“If you declare with your mouth, “Jesus is Lord,” and believe in your heart that God raised him from the dead, you will be saved.”
My faith started in kindergarten, or so I have been told. The story I’ve heard is that when I was little I was a troublemaker. I attended a Christian kindergarten and my teacher thought that if I accepted Jesus into my heart, it might help me be less naughty. My mother says that one day when she came to pick me up from school that she was informed that I had asked Jesus into my heart. I remember this only through the stories of others. I never heard about whether or not my behavior in kindergarten improved.
Somewhere along my faith journey, I heard that you only needed to declare Jesus as your savior and Lord once. Once you welcomed God into your life you were set. But somehow that lesson didn’t fully take. I remember asking Jesus into my heart a few more times throughout the years. In summer camp, while walking home from church one Sunday, and when praying with someone else who wanted to be saved.
I understand that we are healed, reconciled and saved, by the grace of God. I understand that the grace of God is greater than any mishap, mistake, or misunderstanding we may have.

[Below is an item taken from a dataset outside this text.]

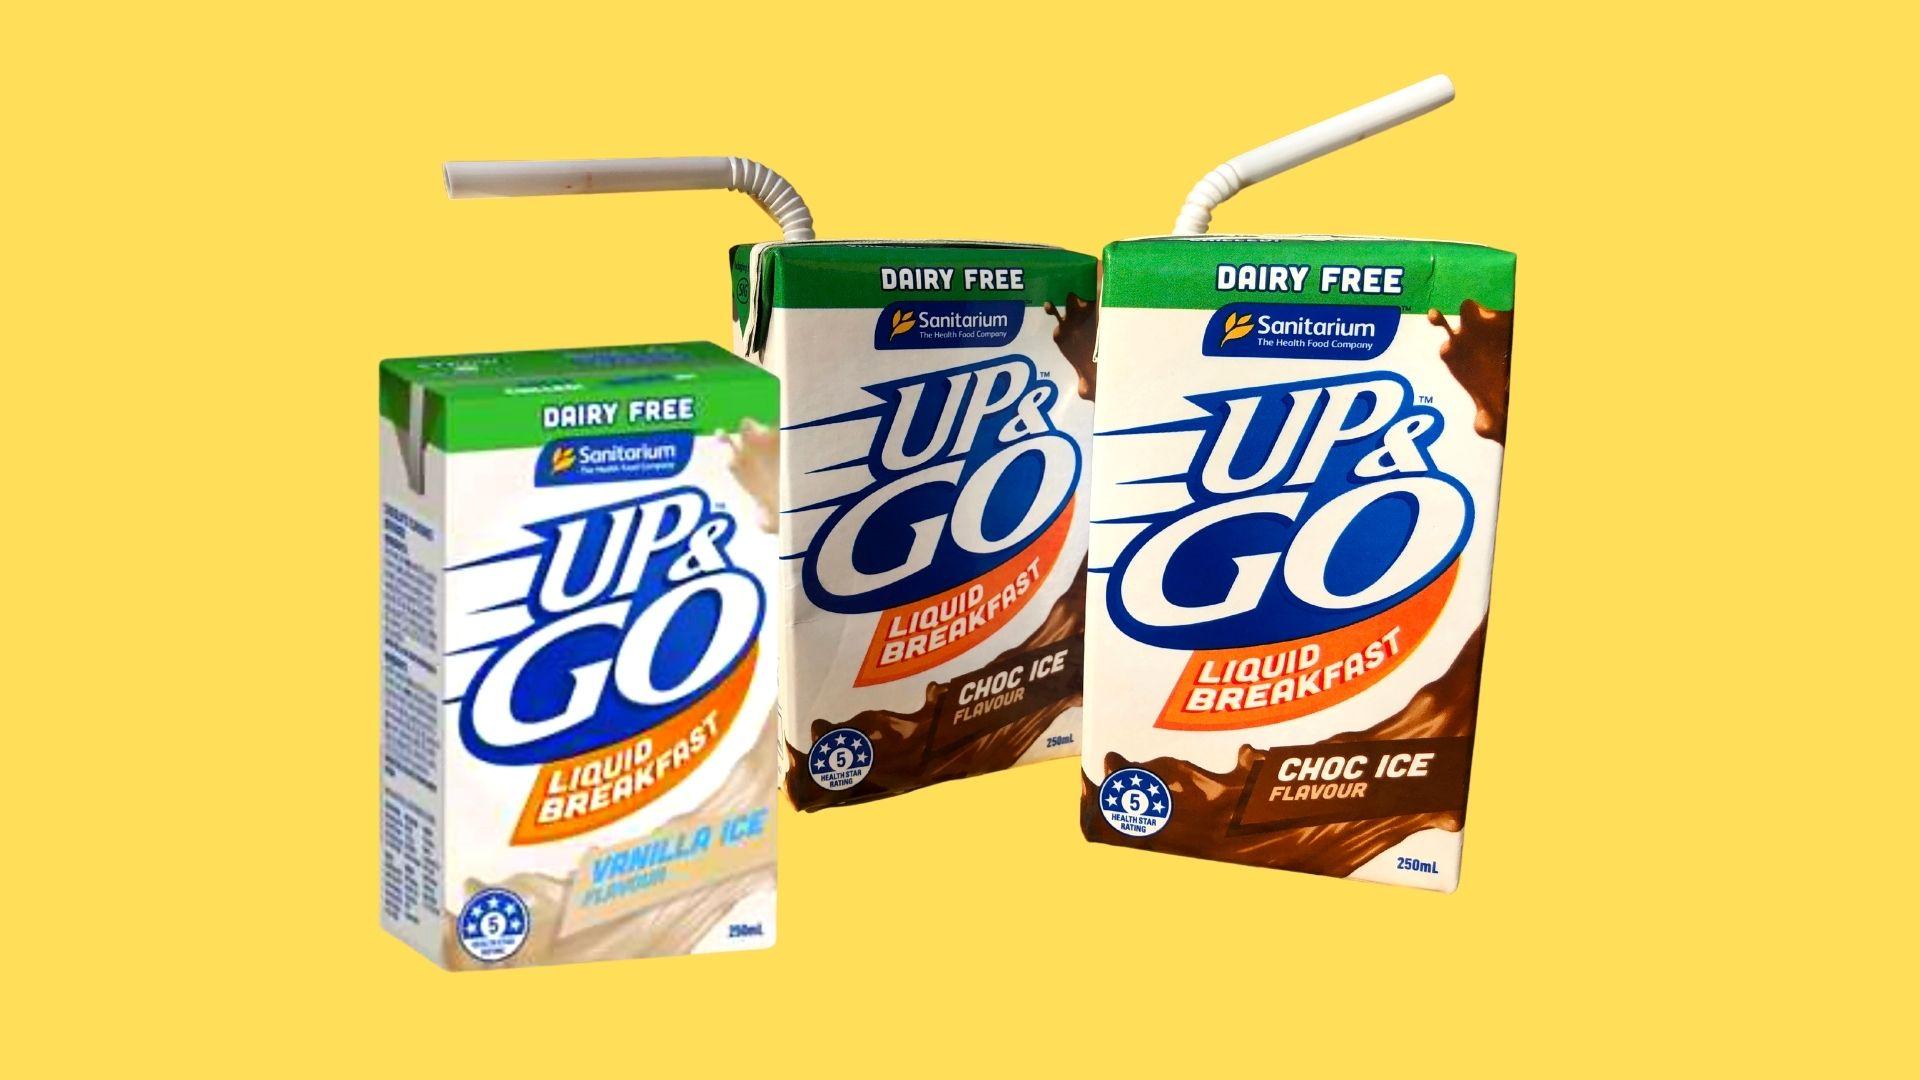 Up & Go Dairy-Free.

Yet, I think there is great value in circling back again and again to the simple affirmation, “Jesus is Lord.”
When are frustrated by how the day has unfolded, come back to the prayer, “Jesus is Lord.”
When the test results are inconclusive and more tests are needed, “Jesus is Lord.”
When we are worried about our loved ones, “Jesus is Lord.”
When we feel on top of the world, “Jesus is Lord.”
When all is still and calm, “Jesus is Lord.”
When we assert that Jesus is Lord we are saying that our anxieties are not our Lord, our ego is not our Lord, our circumstances are not our Lord. We follow Christ, for Christ alone knows the way to resurrection and to life.
In whatever circumstance you find yourself in with your family, your work, your finances, your friendships, let your heart repeat and rest in the simple affirmation, “Jesus is Lord.”